The busking life threw Strummer and Dogg their share of setbacks. According to Dogg, “We got we got locked up a few times. We got deported from Holland once. We had some very interesting times. But the great thing about Joe is he was always a real optimist. He was just hanging out; his spirit was very much in songwriting. We’d play games: We’d be busking, and we’d say ‘Hey, let’s see who can lean back the furthest without falling over while we’re playing our instruments!’
“We had some fantastic times. Joe was very funny because he had a baritone voice, which is much lower than mine — mine is more the tenor/alto area — and it was bloody loud. So I’d be singing the song, and there’d be this fog-horning in my ear. At one point, I said to him, ‘Listen, why don’t you stay here and I’ll go and play somewhere else. That way, we have two places going at once!’ ”
Public performance laws caught up with Dogg and Strummer in Holland. Dogg explains: ”We got to Amsterdam to play some good paying gigs. I suggested we busk down the street and get a bit of money so we could go to a restaurant. Police came and were in plainclothes and said, ‘You’re under arrest,’ and they took the instruments. So we had no instruments for the gig. Joe went off and came back with a violin. It was some person’s family heirloom — it was it was some old precious violin that some kid sneaked out of his mother’s house.”
At some point, the Strummer/Dogg duo went their separate ways. “I was ready to do my own show,” Dogg says, “So there I was in Green Park, and he walked away. That’s when he started his career. But really, it was great to work with a partner like him. Because he was optimistic. He made the best of everything.”
Strummer, of course, went on to form The Clash with Mick Jones, Paul Simonon and Topper Heddon. And Dogg pursued his own career. In addition to releasing eight solo albums between 1976 and 2025, Dogg has played on and/or produced albums by Ian Hunter, Ellen Foley, Poison Girls, El Doghouse and Susannah Austin, as well as The Clash and Strummer’s post-Clash band, The Mescaleros.
The parting of Strummer and Dogg augured the end of Dogg’s tenure as street singer. “I didn’t busk after that, really” he says. But he credits his outdoor performances for helping him learn to project his singing. “We just had to be loud, as we were drowned out, whether it was by traffic or something. We were in train stations quite a lot. If we were inside the Tube, we had a nice echo. So that would help particularly with an instrument like violin, which had a lot of sound to it.”

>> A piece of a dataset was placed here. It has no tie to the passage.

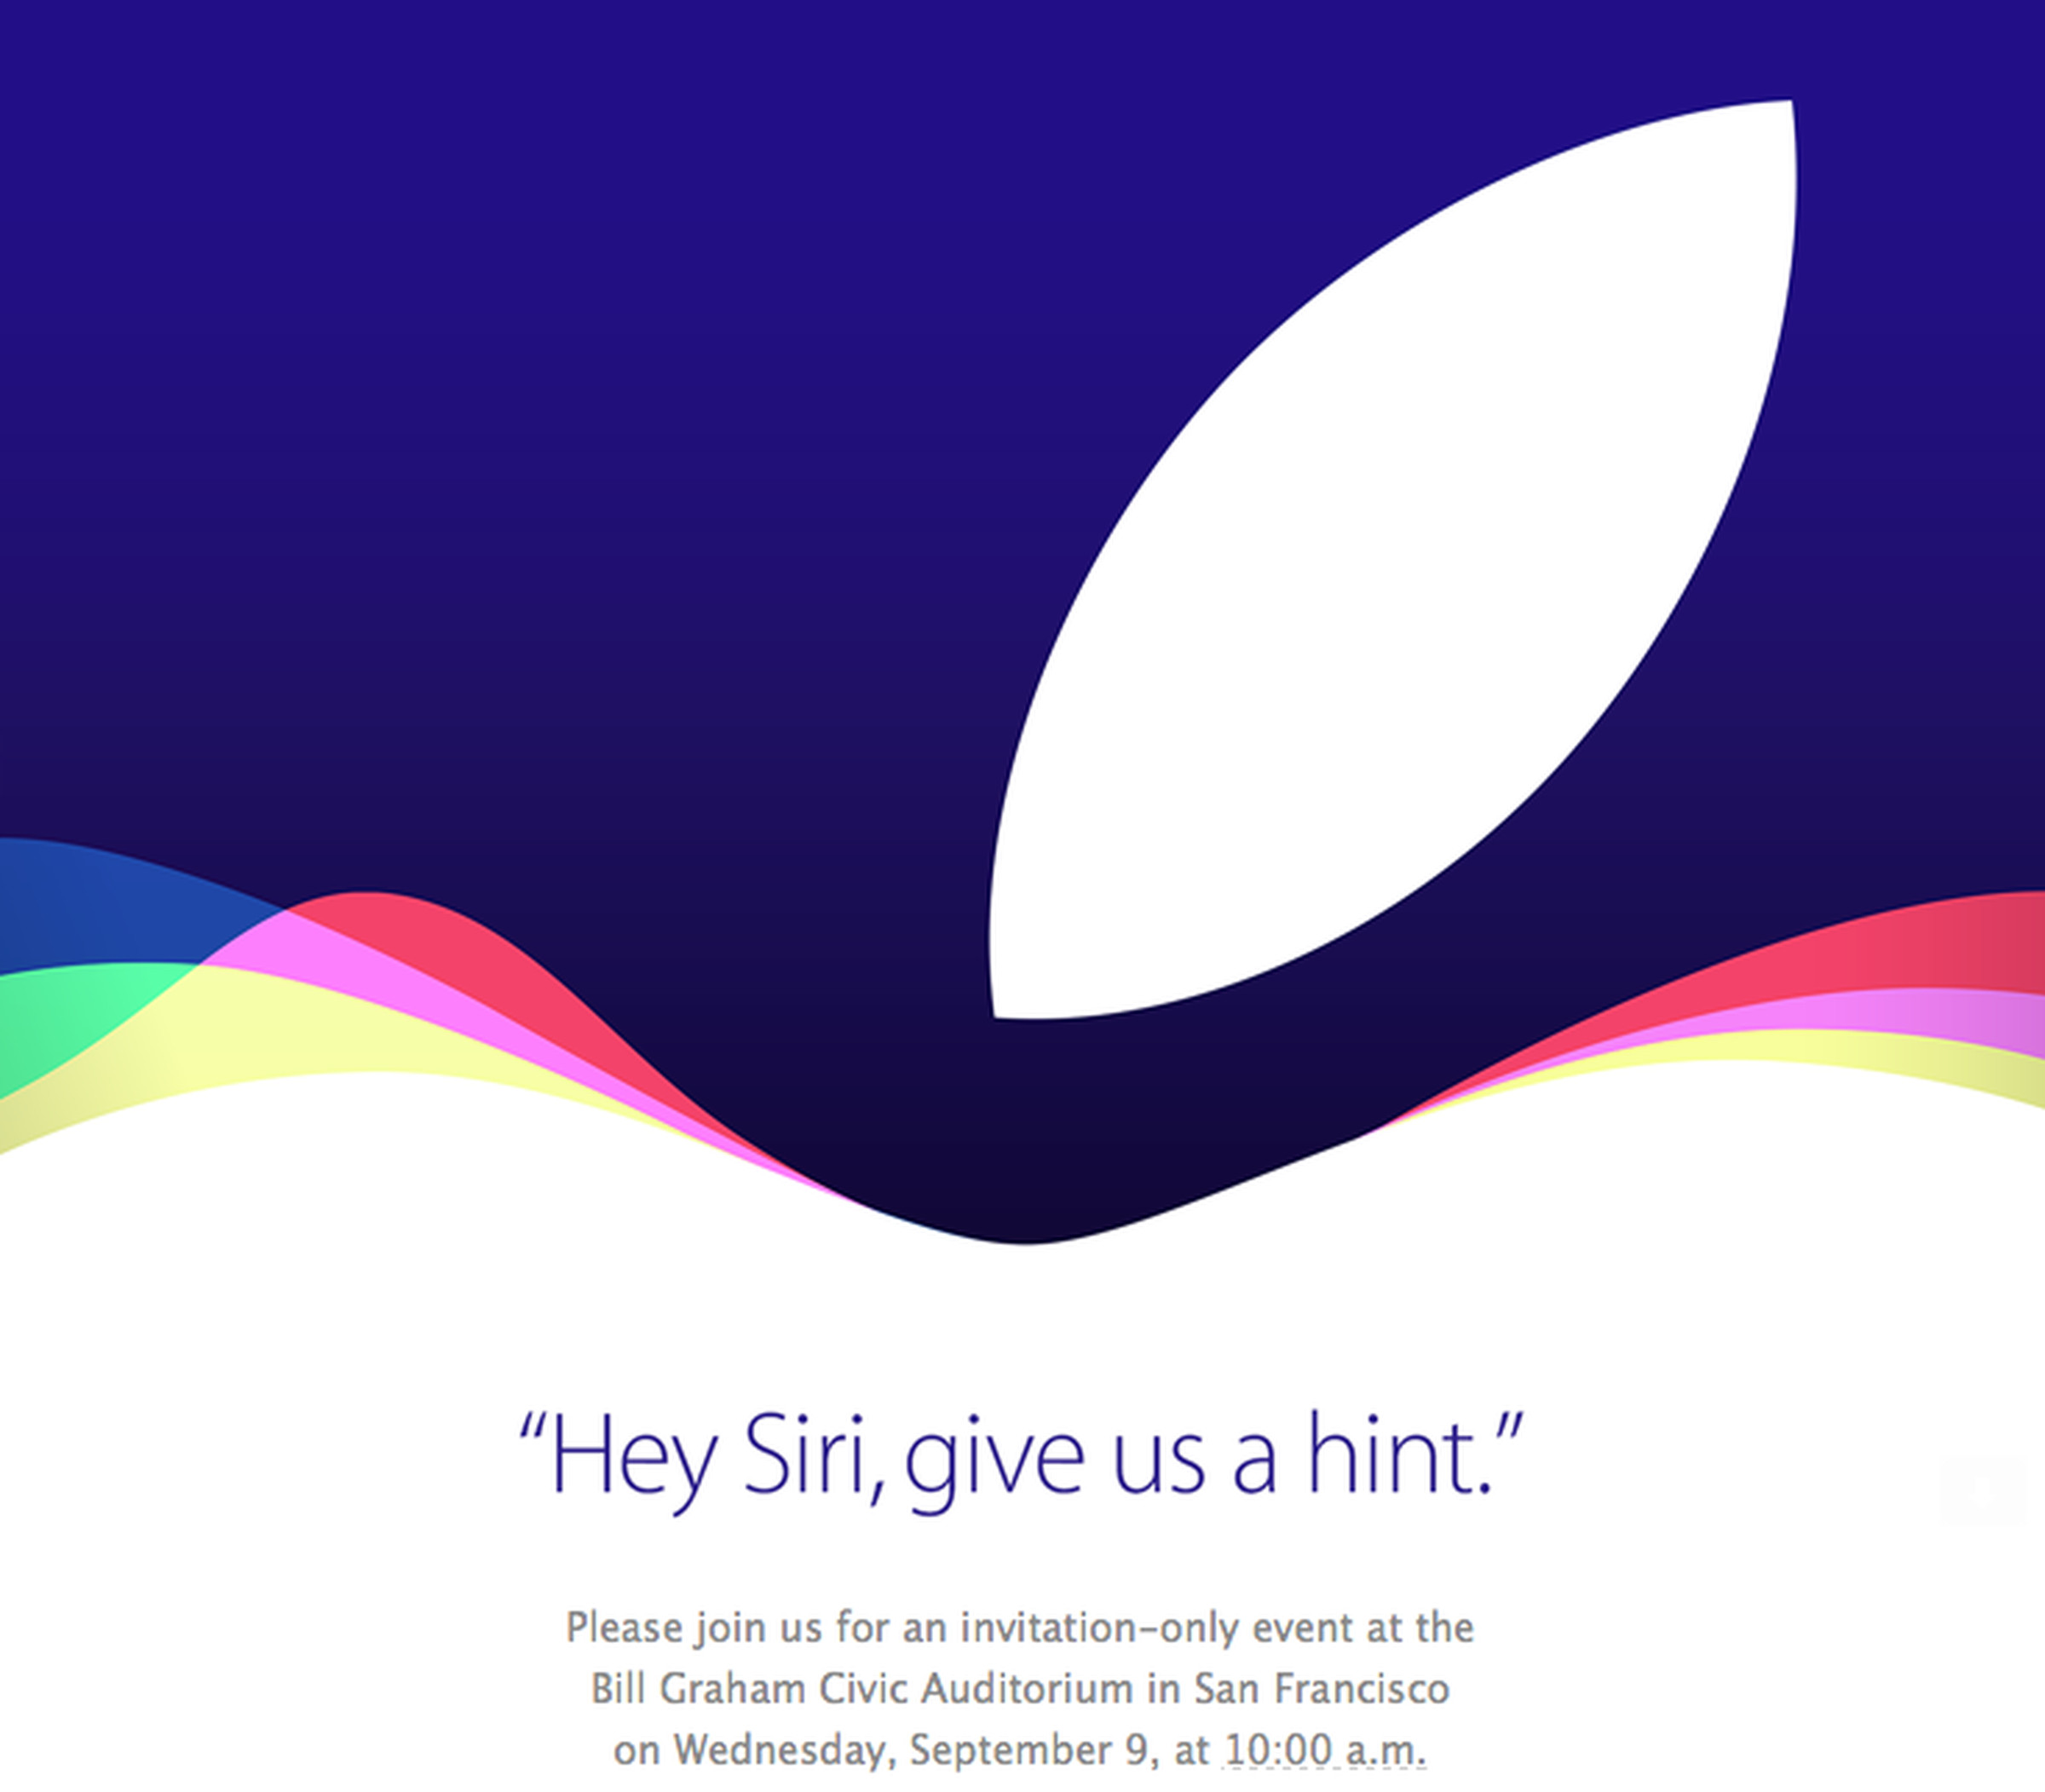 An Apple logo with a colorful waveform rising off the top edge of the Apple. Text beneath it reads “Hey Siri, give us a hint.”

Dogg hasn’t ruled out a return to the streets in the future, regarding it as something he can always turn to when he wants to refine new songs and new sounds. “I was thinking to do some busking again, actually. Maybe I’ll even work with somebody who plays classical,” he says. “It’s a great thing when maybe you haven’t got any work or you’re not getting any shows in clubs. It’s a really great way to just keep on going. You can be making money while you’re actually rehearsing. But mainly you’re just playing and you’re having a good time. If you’re not doing that, it’s hard work.”